Generating news headlines is not a new topic. Konstantin Lopyrev already used deep learning in 2015 to generate headlines from 6 major news agencies including the New York Times and the Associated Press. Specifically, he used an encoder-decoder neural network architecture (LSTM units and attention, see Figure 2) to solve this particular problem. In general, generating headlines can be seen as a text summarization problem and a lot of research has been done in this area. A gentle introduction to this topic can be found on Machine Learning Mastery or FloydHub .

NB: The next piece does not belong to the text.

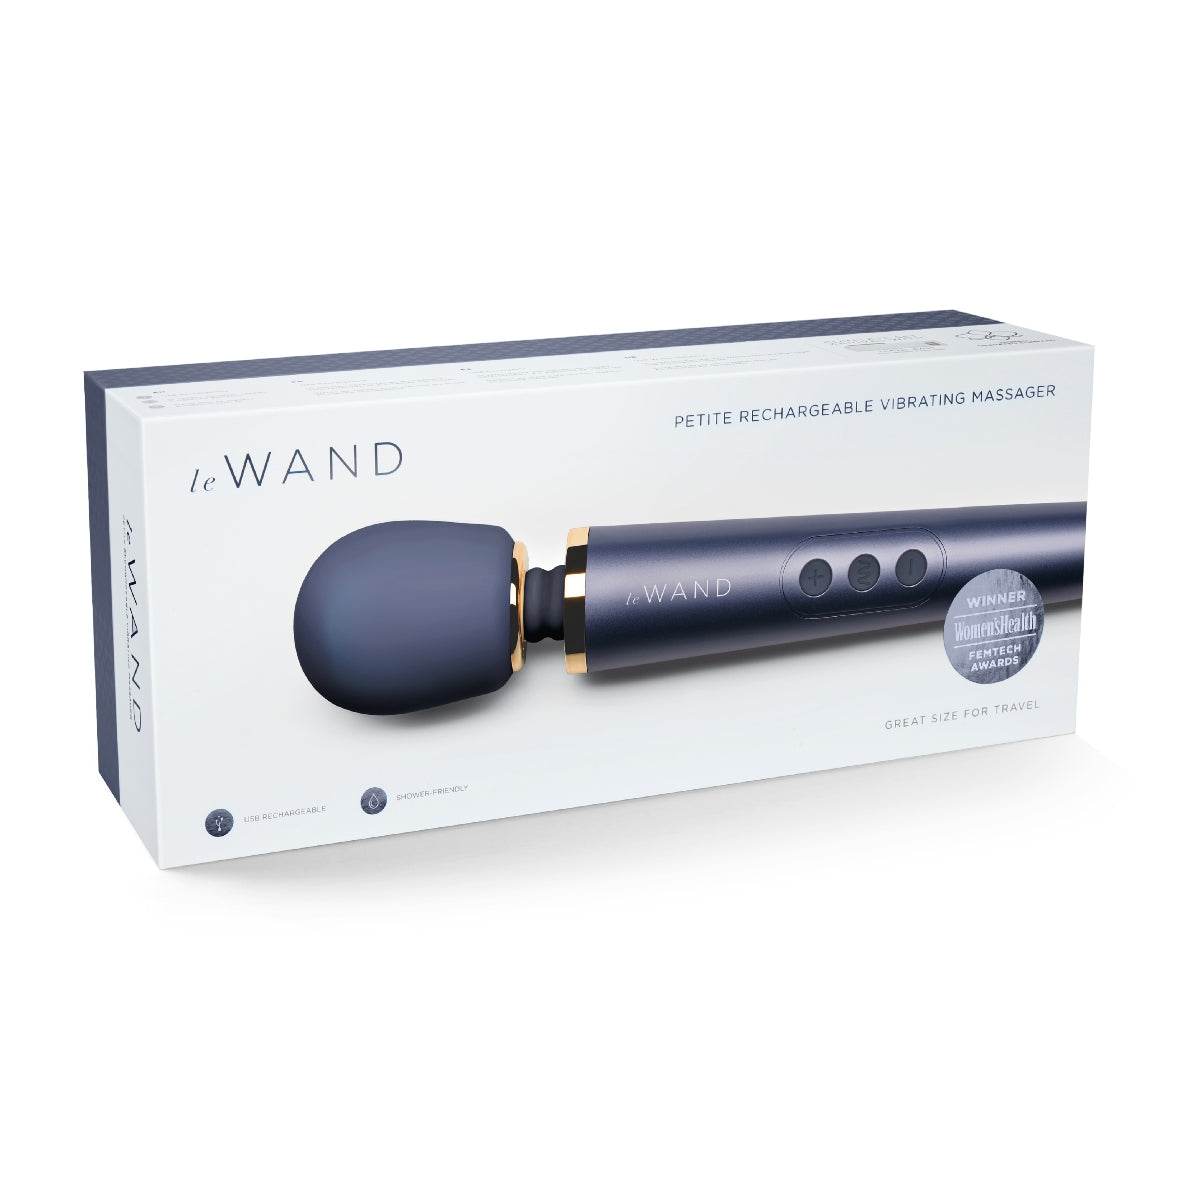 Le Wand | Petite Rechargeable Vibrating Massager - Navy

Generating headlines from news articles using SOTA summarizer based on BERT

Figure 2: Encoder-decoder sequence-to-sequence model.

Why Headliner?

When we started with this project, we did some research on existing libraries. In fact, there are many libraries out there, such as Facebooks fairseq , Googles seq2seq , and OpenNMT . Although those libraries are great, they have a few drawbacks for our use case. For example, the former doesn’t focus much on production and the Google one is not actively maintained. OpenNMT was the closest one to match our requirements as it has a strong focus on production. We, however, wanted to provide a leaner repository that could easily be customized and extended by the user.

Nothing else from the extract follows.